Wednesday, November 16, 2016

Fernsehturm Stuttgart Radiosender

German words agglomerate.  Hence the existence of the book Schottenfreude. "Fernsehturm" is the German word for television tower. "Fernsehen" means television, as in the noun, the electronic device. To break that down further, "sehen" means to see.  The word "fern" means remote; as in at a distance. So You can string that together pretty sensibly "fern-sehen-term" or "remote - seeing - tower."    But "turm" was the root that meant tower or steeple.

To further cloud this waters for those of use who speak a largely non-agglomerating language, "Fernmeldeturm" is the correct word, only if it's part of a building.
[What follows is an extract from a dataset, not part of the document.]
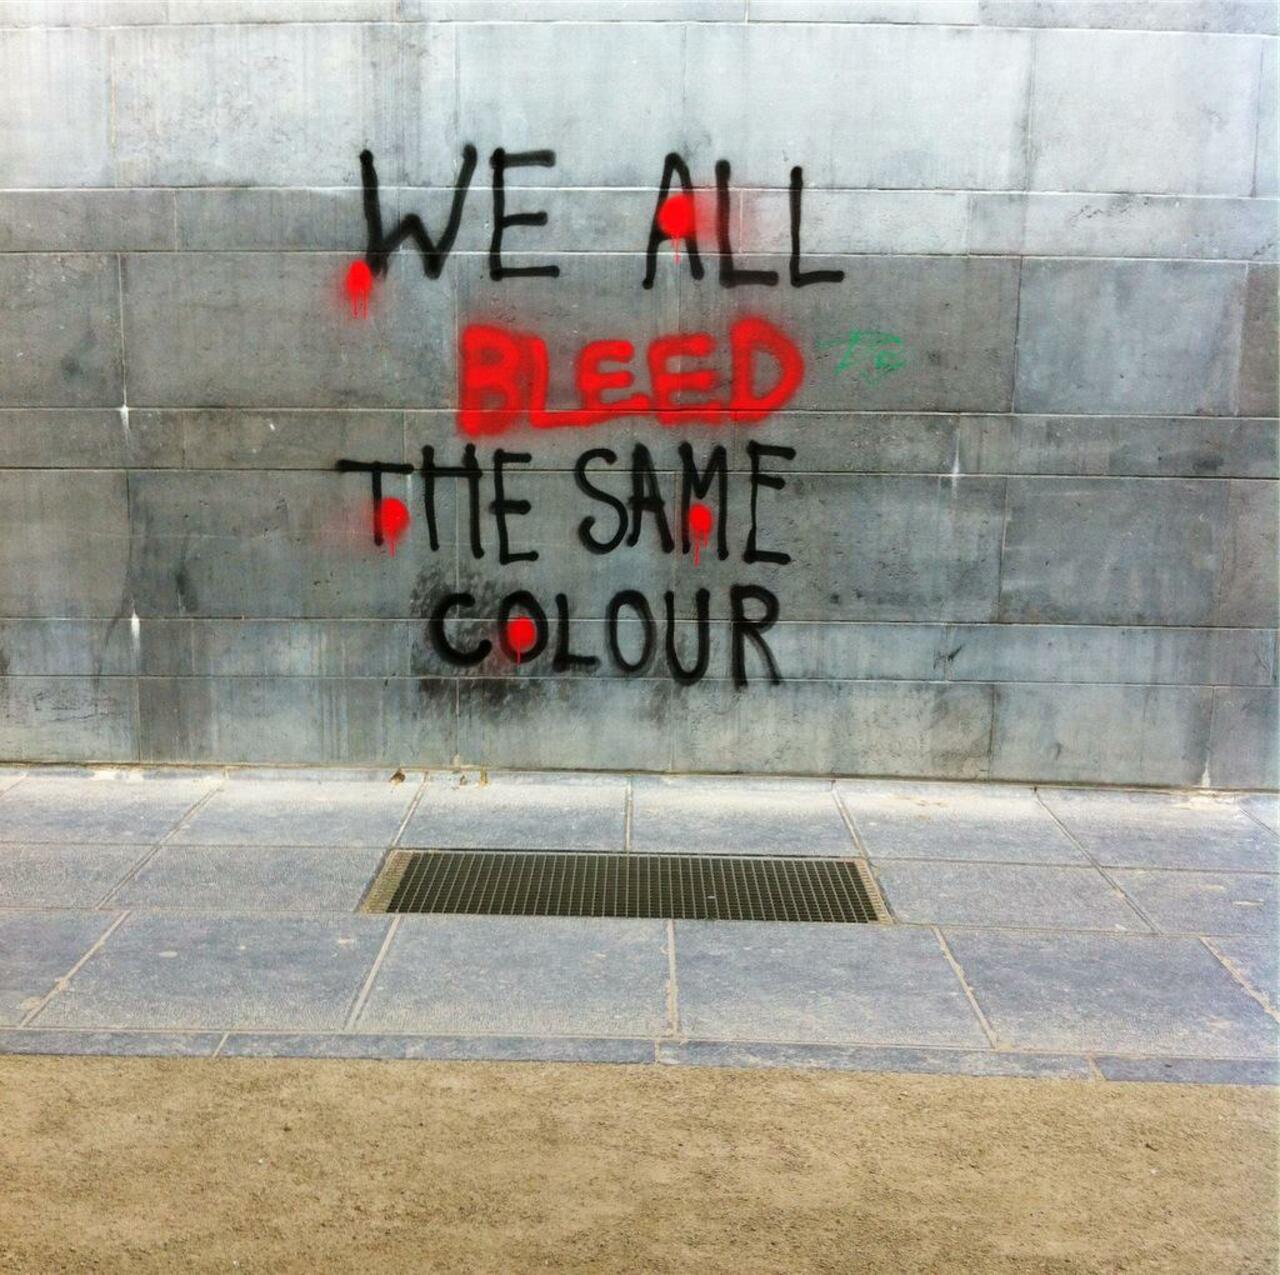 We all bleed Red #streetart #art #graffiti #Brussels #Bruxelles http://t.co/N5ytZ9Izzn

The noun "meldung" means "information, report or an announcement.  So they added the "building" root when it was just a tower and then further added the "information" after the tower was on a building. Tricky language. Also sometimes makes things difficult to research.

This is added to the formal name of any radio tower that has a name like a prefix ex. Fernsehturm Berlin which is the tallest structure in Germany at 368 meters tall  (including antenna). It was built between 1965 and 1969 so it's coming up on it's 50th Birthday. Another example would be Fernsehturm Stuttgart which is the first telecommunications tower in the world constructed from reinforced concrete. Stuttgart is older having been placed in service by February of 1956. But today it only broadcasts several public FM radio stations. So despite the lack of "remote seeing devices" they still refer to it as a Fernsehturm. Transmission of the ARD TV network's analogue service stopped in 2006. Those television services moved to nearby Fernmeldeturm Stuttgart.

So I deduced that since the German word for radio is radio.. that radio tower should be then a radioturm. The answer is... sort of. Radioturm is not a popular word. It's used only in specific contexts, mostly much older radio constructions. Ex. Radioturm Schuchow, Radioturm mit Sirene, Shabolovka Radioturm, and the Shukhov radioturm which I wrote about previously.